А между тем алхимики были весьма набожны. Они делили свое время между изучением ученых трактатов, работой в лаборатории и молитвой. Некоторые из них даже полагали, что тайну изготовления философского камня люди получили от самого Бога. Правда, это была набожность особого рода, вызывавшая, как и все непонятное, подозрение со стороны окружающих. Если разносился слух, что некий обитатель городского квартала много часов подряд предается молитвам в своей домашней молельне, вместо того чтобы, как и все добропорядочные миряне, идти к заутрене и на воскресную мессу в приходской храм, на него начинали смотреть косо. Дело же заключалось в том, что для истинного алхимика-адепта многочасовые бдения в лаборатории были неотделимы от молитвенных трудов и духовных упражнений в молельне — от этого зависел успех Великого Делания.

Герметические трактаты были темны и непонятны для непосвященных, поскольку «философы» преднамеренно их затемняли. Они смотрели на алхимию как на самую высокую из наук, полагая, что алхимия есть искусство из искусств, истинная наука. Подобная наука должна быть известна, по их мнению, только небольшому числу адептов. В Средние века даже корпорации ремесленников имели практические секреты, которые ни один из членов корпорации не отважился бы разгласить, так что уж говорить об алхимии. Алхимики-адепты скрывали свою науку от празднолюбопытствующих. Когда попадался неофит, достойный, по их мнению, посвящения, они указывали ему дорогу, не открывая, однако, всего сразу. Они требовали, чтобы он самостоятельно продвигался к цели, и только наводили его на верный путь и поправляли. Не было ни одного полного описания всех операций Великого Делания, поскольку адепты верили, что могут за это навлечь на себя небесную кару — моментальную смерть.

Сколь бы полным и исчерпывающим на первый взгляд ни был алхимический трактат, в нем обязательно отсутствовала некая деталь, служившая ключом к пониманию целого, и сообщить эту деталь мог только учитель, на поиски которого уходили порой годы, а то и вся жизнь. Николя Фламель, двадцать лет потратив на расшифровку «Книги Авраама Еврея», но так ничего и не добившись (во всем Париже не нашлось знатока алхимических тайн), отправился, уже будучи немолодым человеком, в многотрудное паломничество в Сантьяго-де-Компостела, дабы заручиться поддержкой святого Иакова, слывшего покровителем алхимиков. Там, в Испании, он и встретил долгожданного наставника.
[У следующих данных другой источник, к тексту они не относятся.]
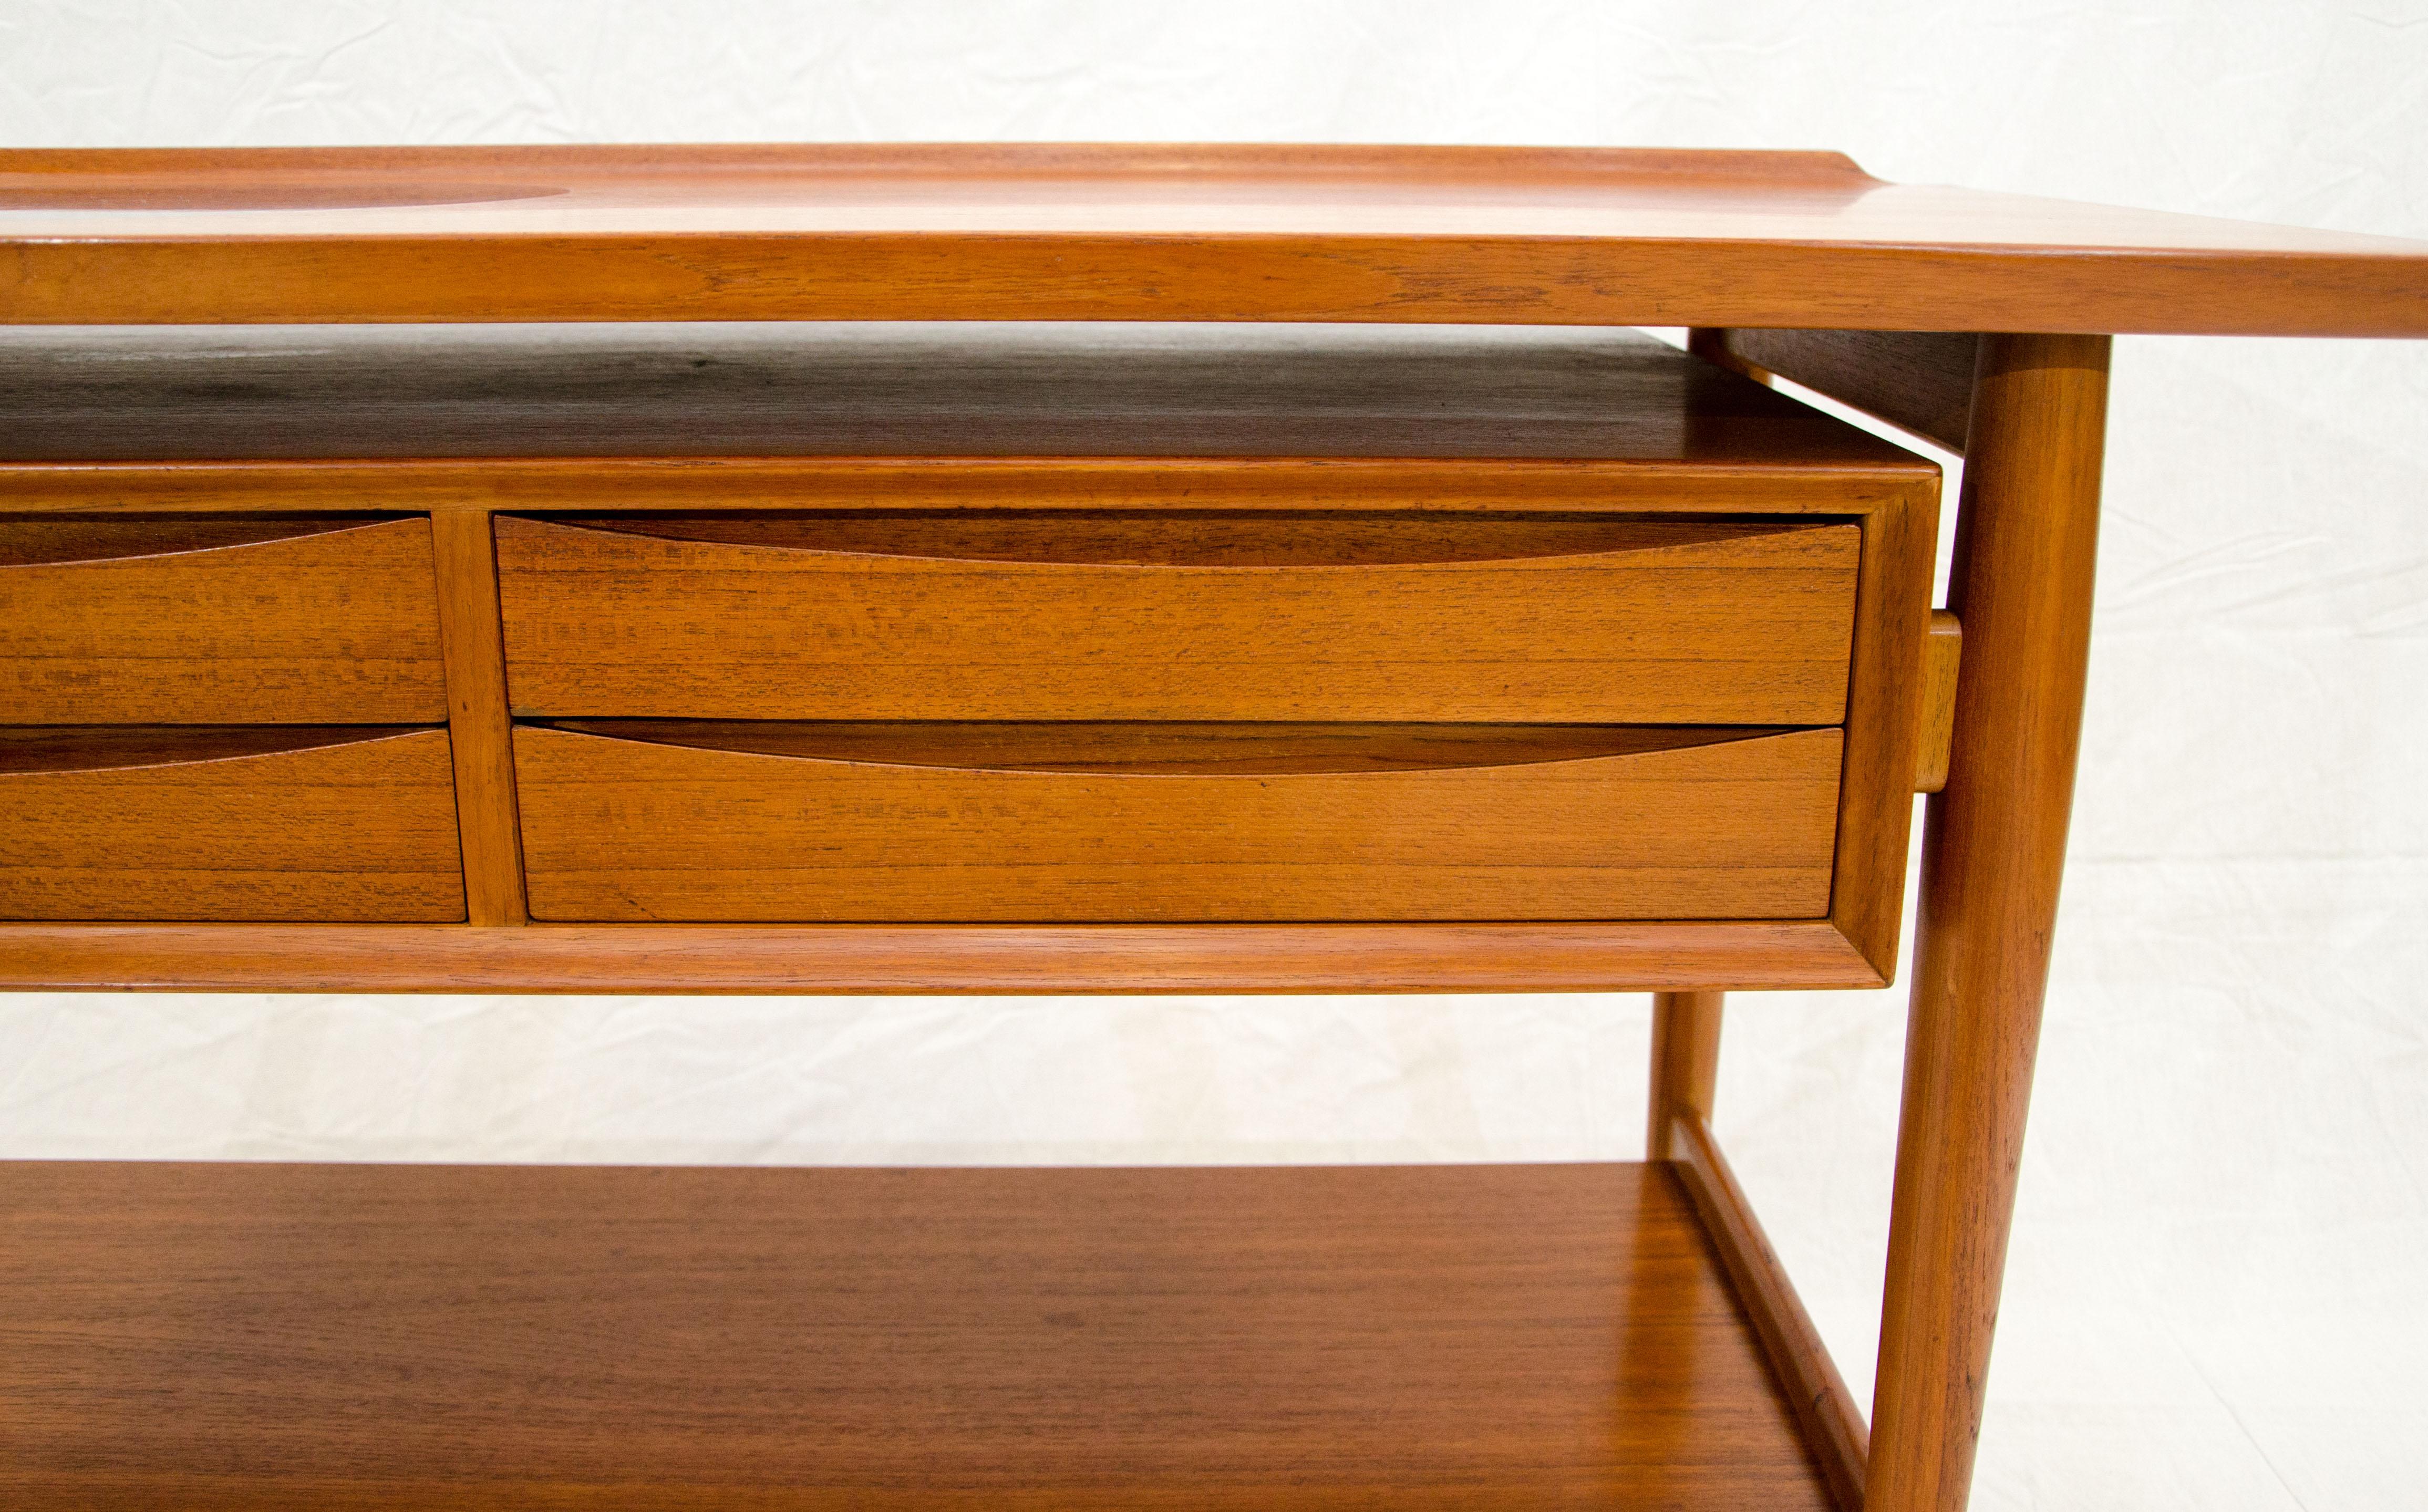 Unusual Danish Teak Buffet or Console Table by Arne Vodder for Sibast Furniture 6

Чтобы скрыть от профанов священную науку философского камня, адепты использовали специальные знаки, которые появились вместе с алхимией. Первыми ввели эти знаки греки, заимствовавшие герметическую науку от египтян, иероглифическое письмо которых подсказало идею: древнеегипетские иероглифы в слегка измененном виде и стали служить тайными знаками. Зашифрованные таким способом послания алхимиков стали называться иероглифическими фигурами. Древнеегипетский иероглиф («священная резьба») — олицетворение тайного знания. Широкое применение в алхимической тайнописи получили также символы. Так, Феникс был символом истинного философского камня, способного обращать металлы в золото и серебро.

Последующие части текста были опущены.